▸ Data
=== Section Start ===

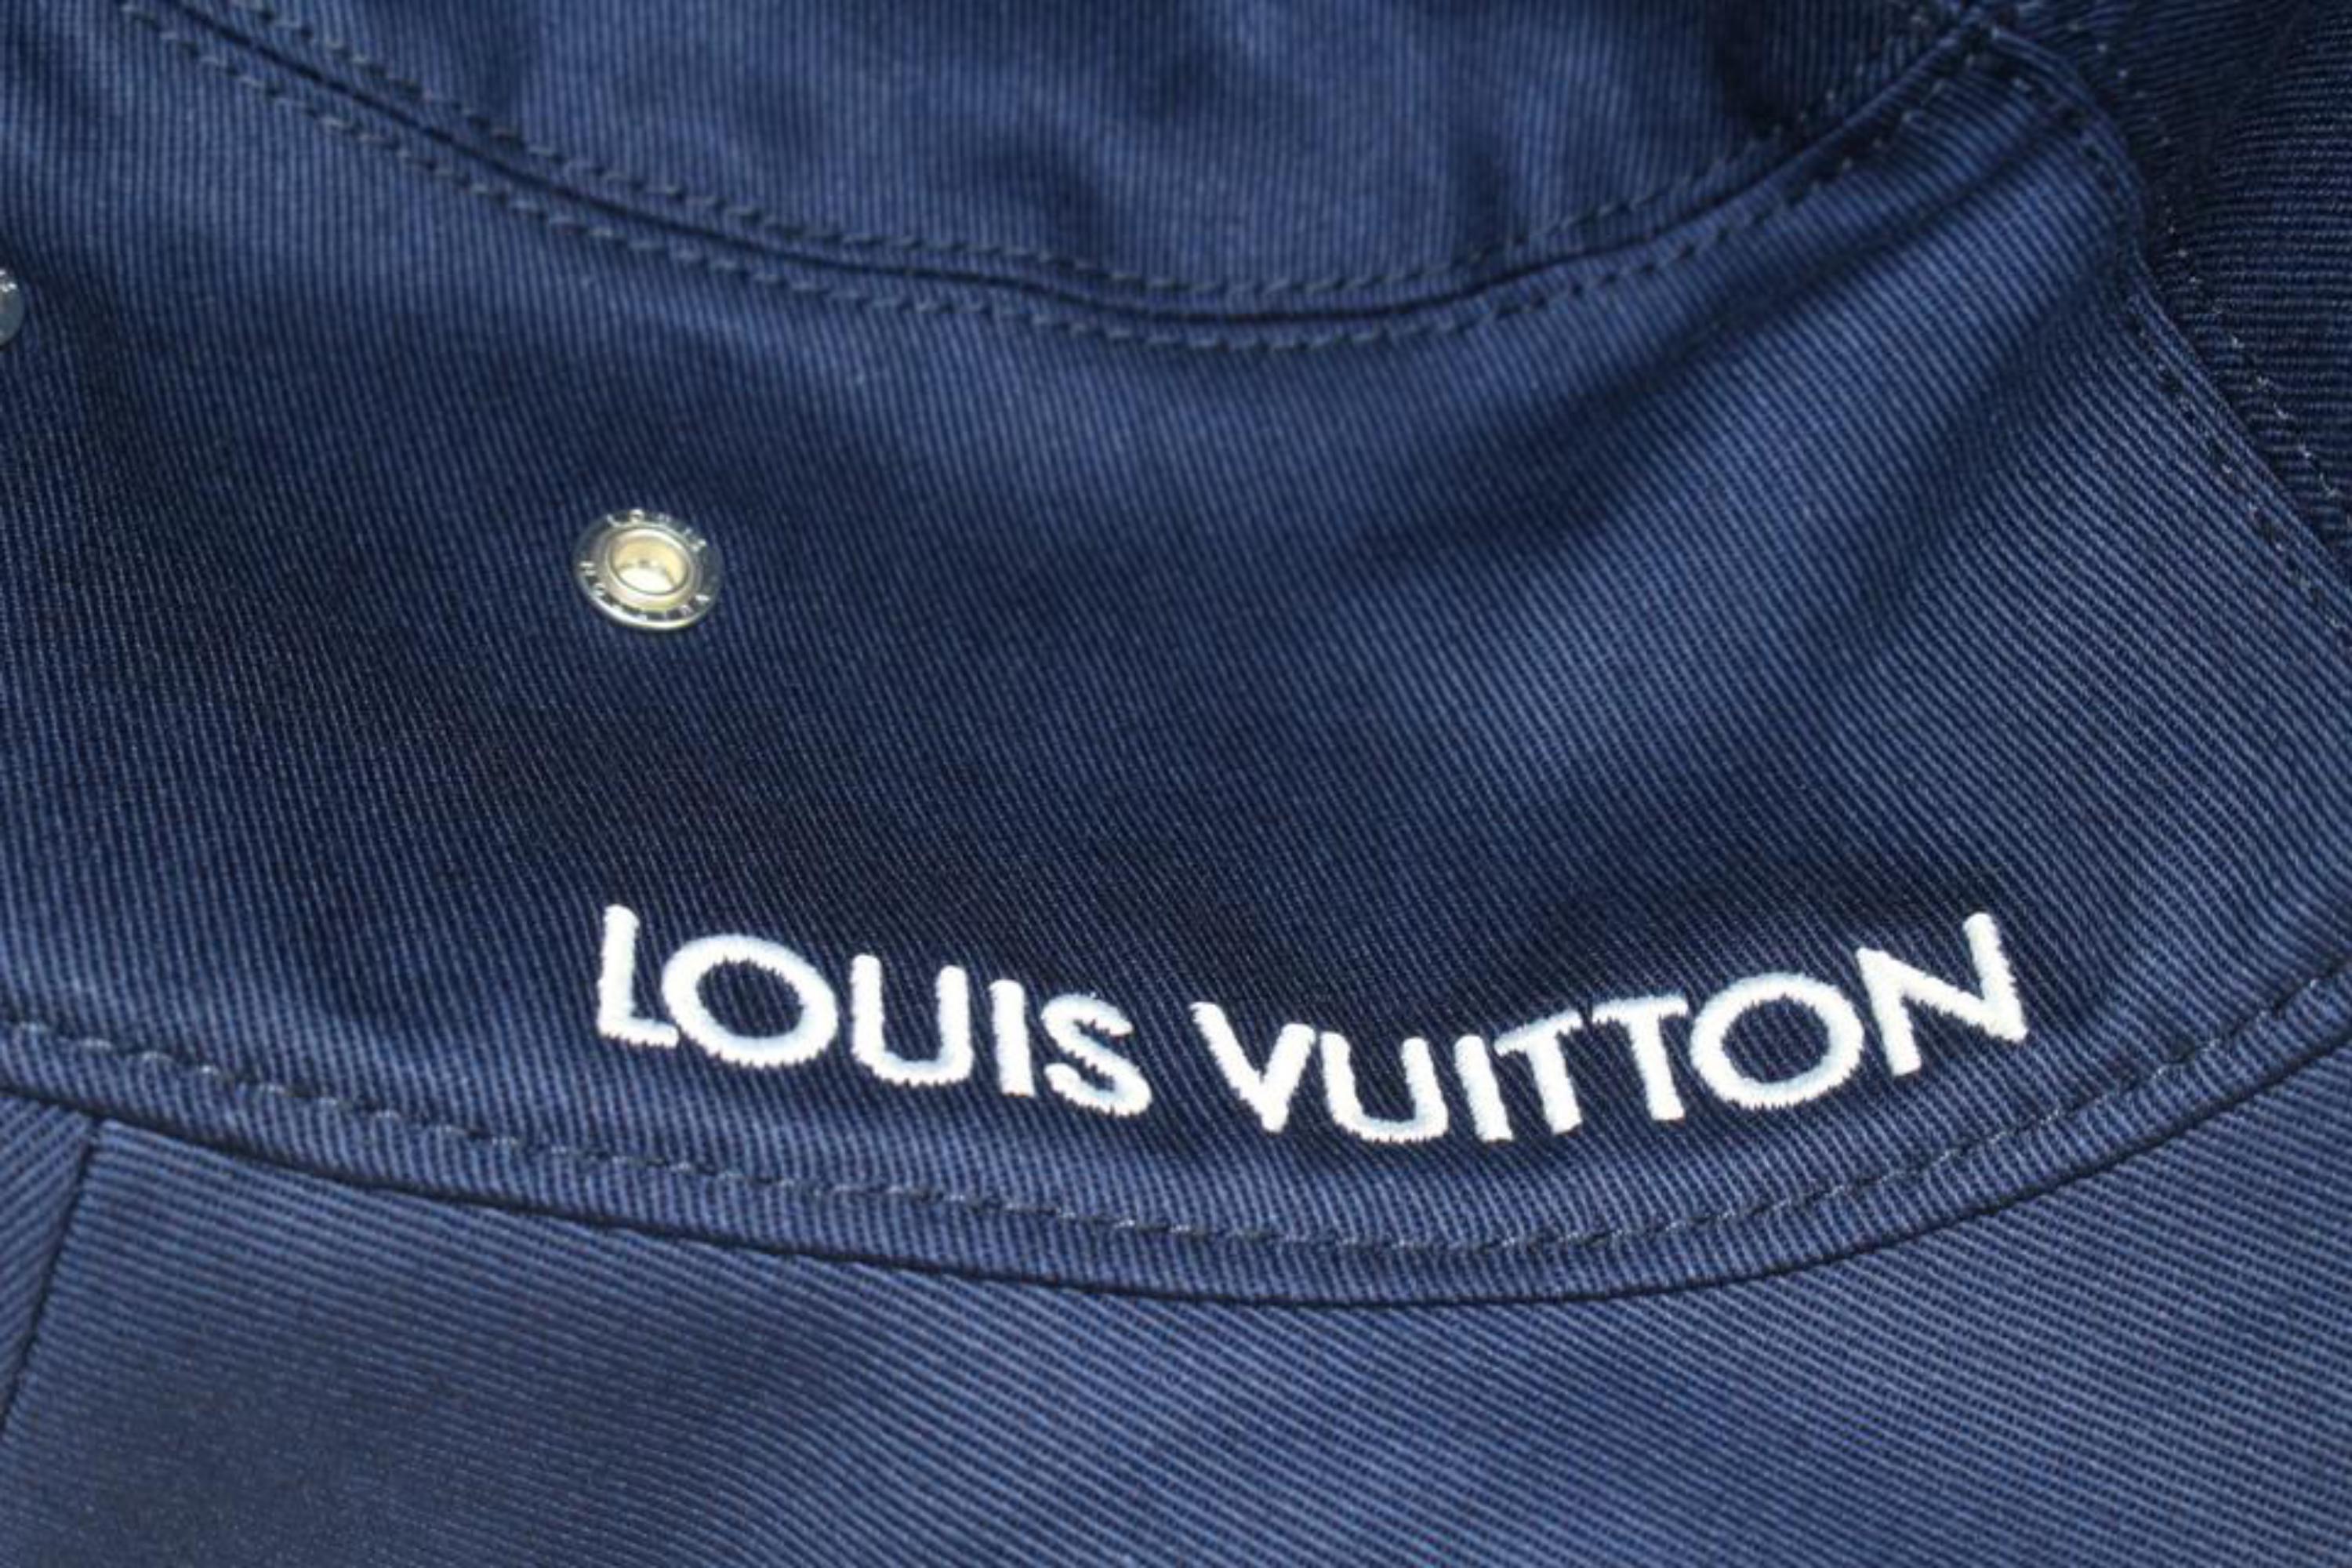 Louis Vuitton Large Size 60 Blue Monogram Bandana Bucket Hat Fisherman 10lk531s 1
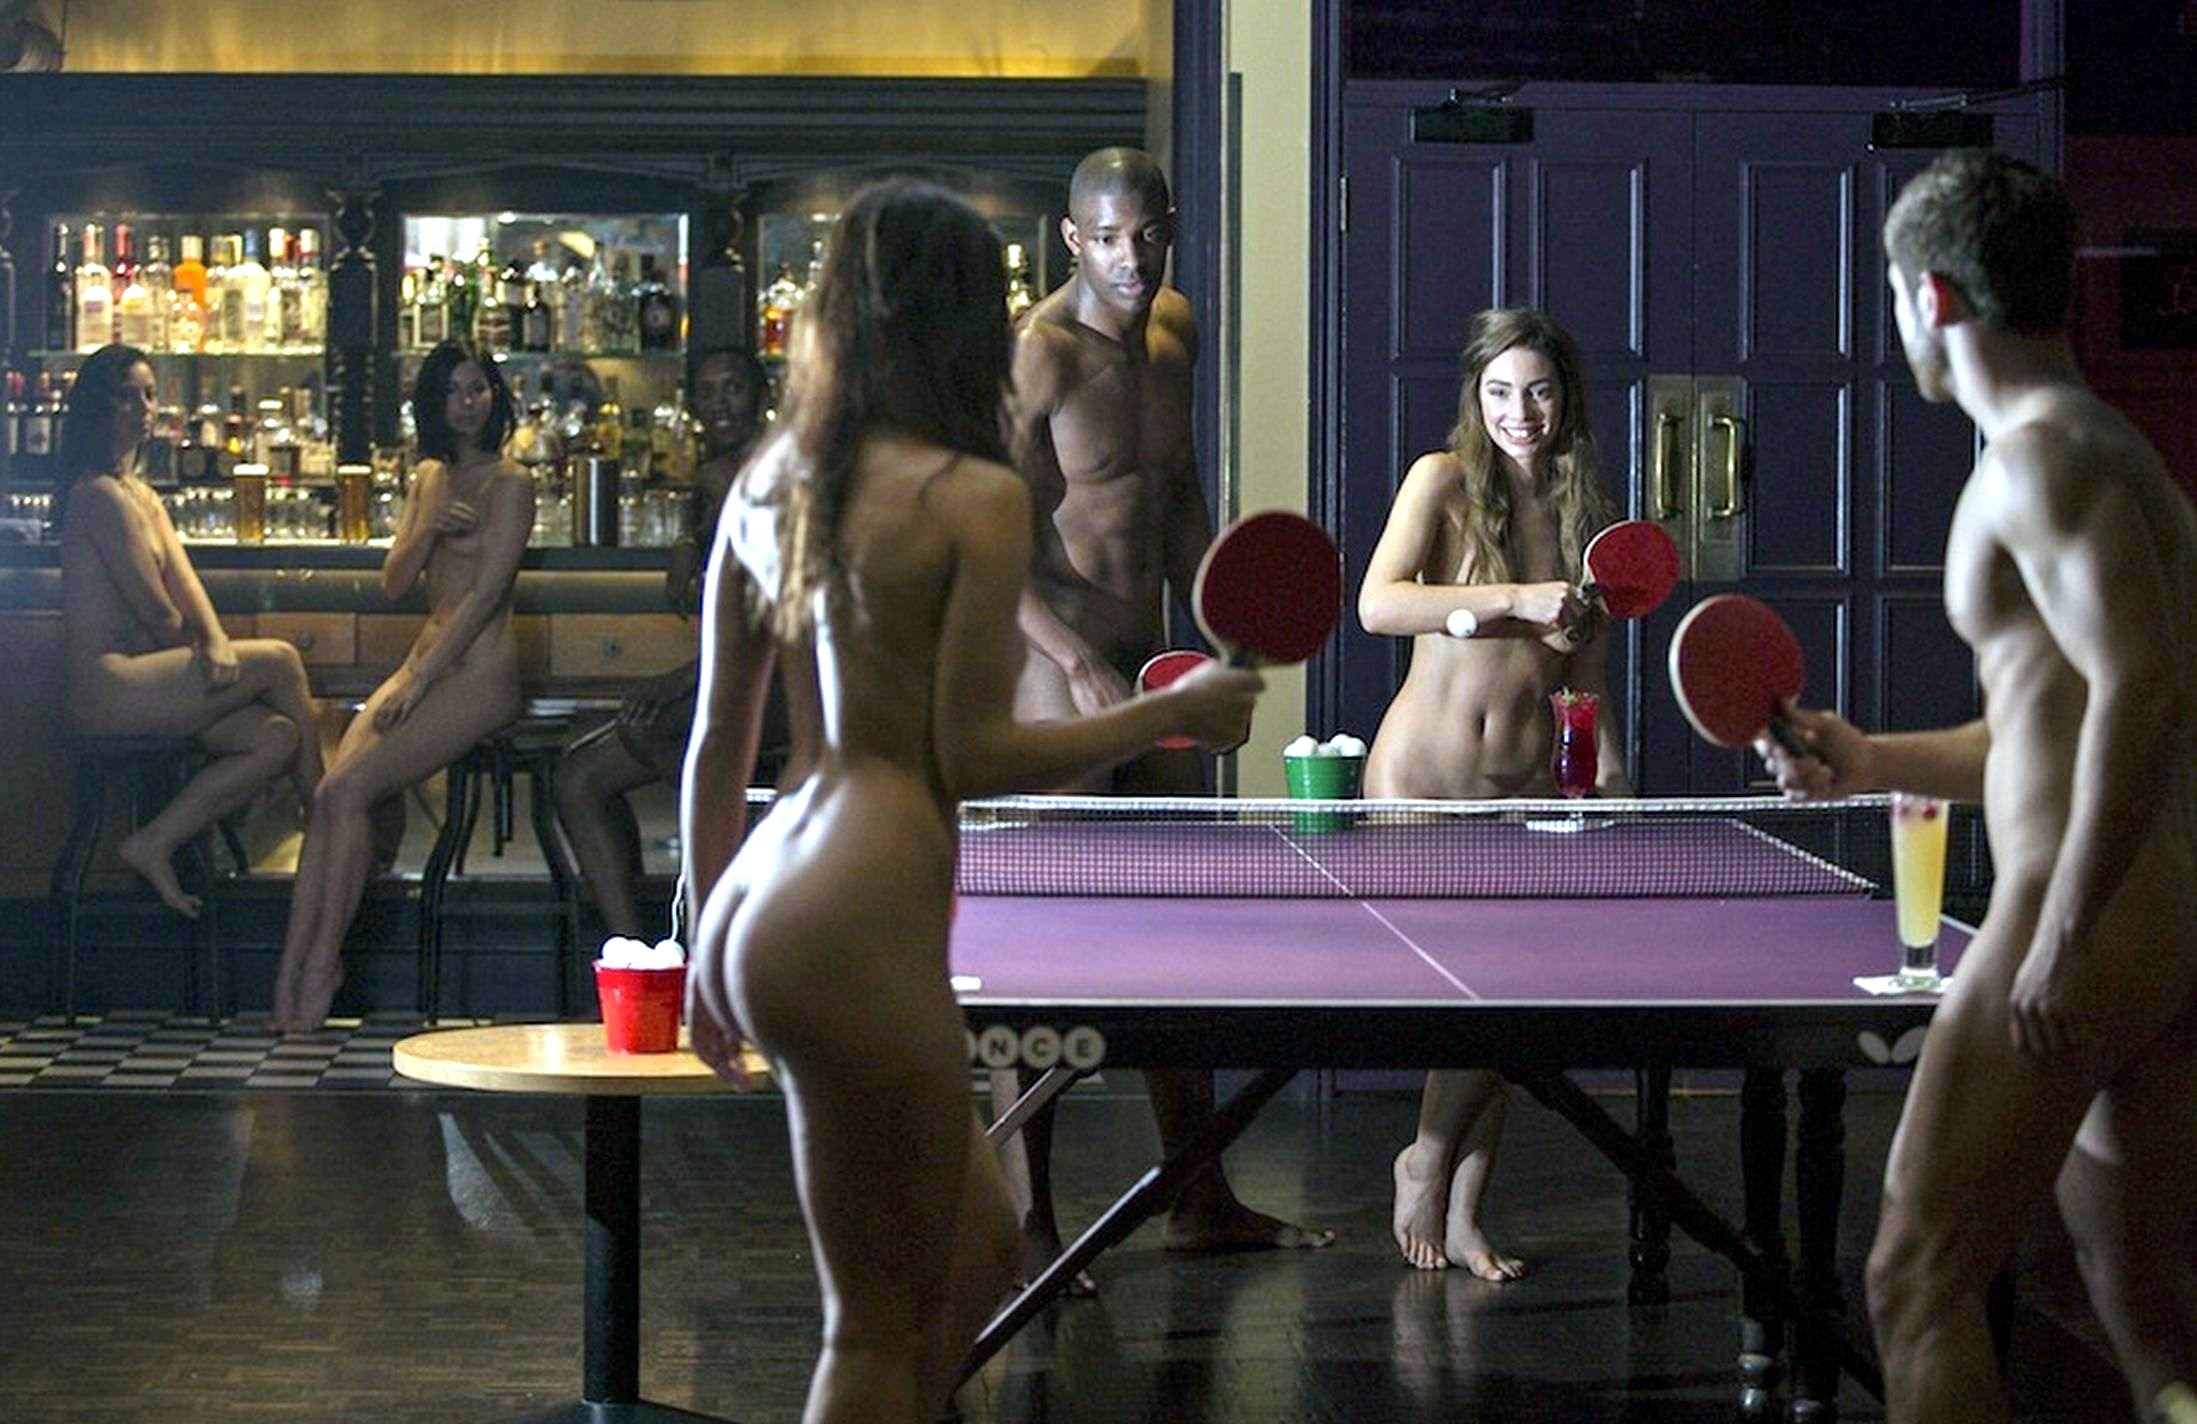 Naked people playing pingpong - Alrincon.com
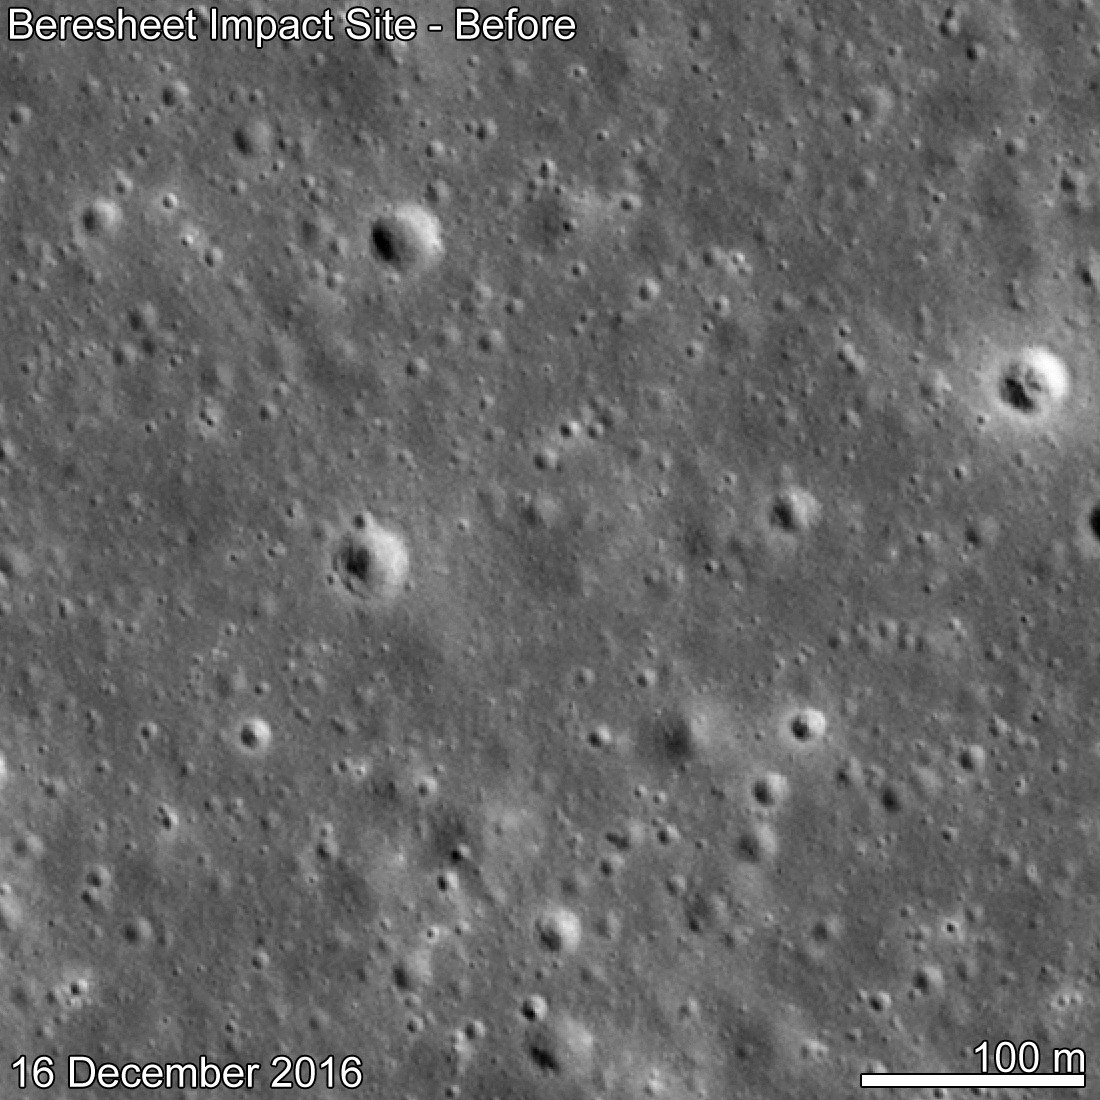 Місце падіння космічного апарату Beresheet, фото: NASA
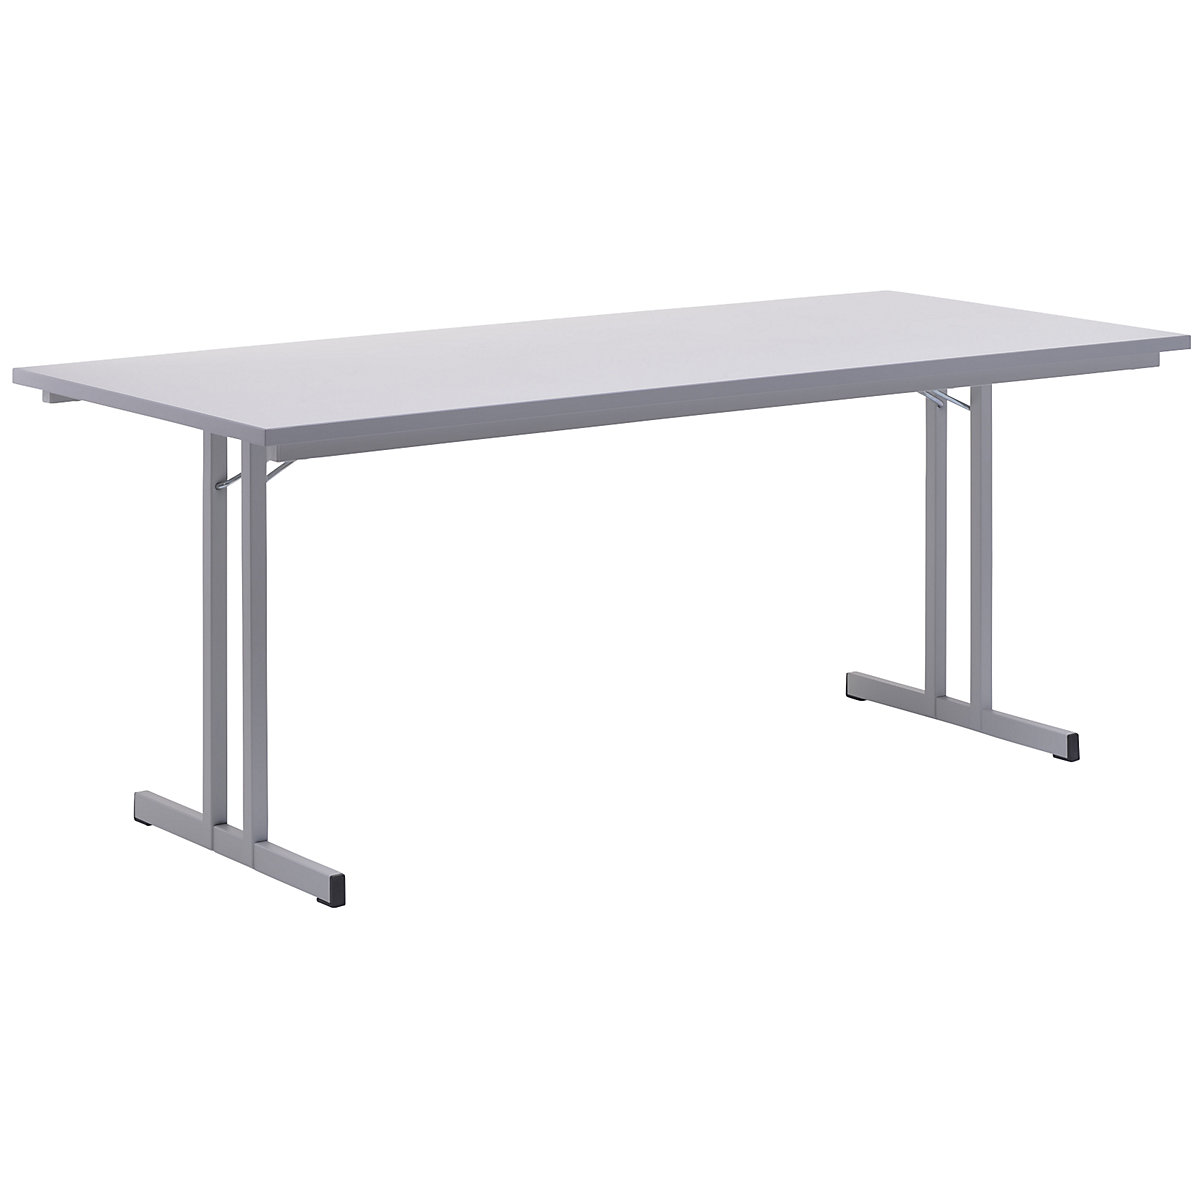 Sklopný stůl, s mimořádně silnou deskou, výška 720 mm, 1800 x 800 mm, podstavec světle šedý, deska světle šedá

=== Section End ===

The data must be reproduced exactly, and no picture may appear in the copy.

▸ Task result
 Louis Vuitton Large Size 60 Blue Monogram Bandana Bucket Hat Fisherman 10lk531s 1
 Naked people playing pingpong - Alrincon.com
 Місце падіння космічного апарату Beresheet, фото: NASA
 Sklopný stůl, s mimořádně silnou deskou, výška 720 mm, 1800 x 800 mm, podstavec světle šedý, deska světle šedá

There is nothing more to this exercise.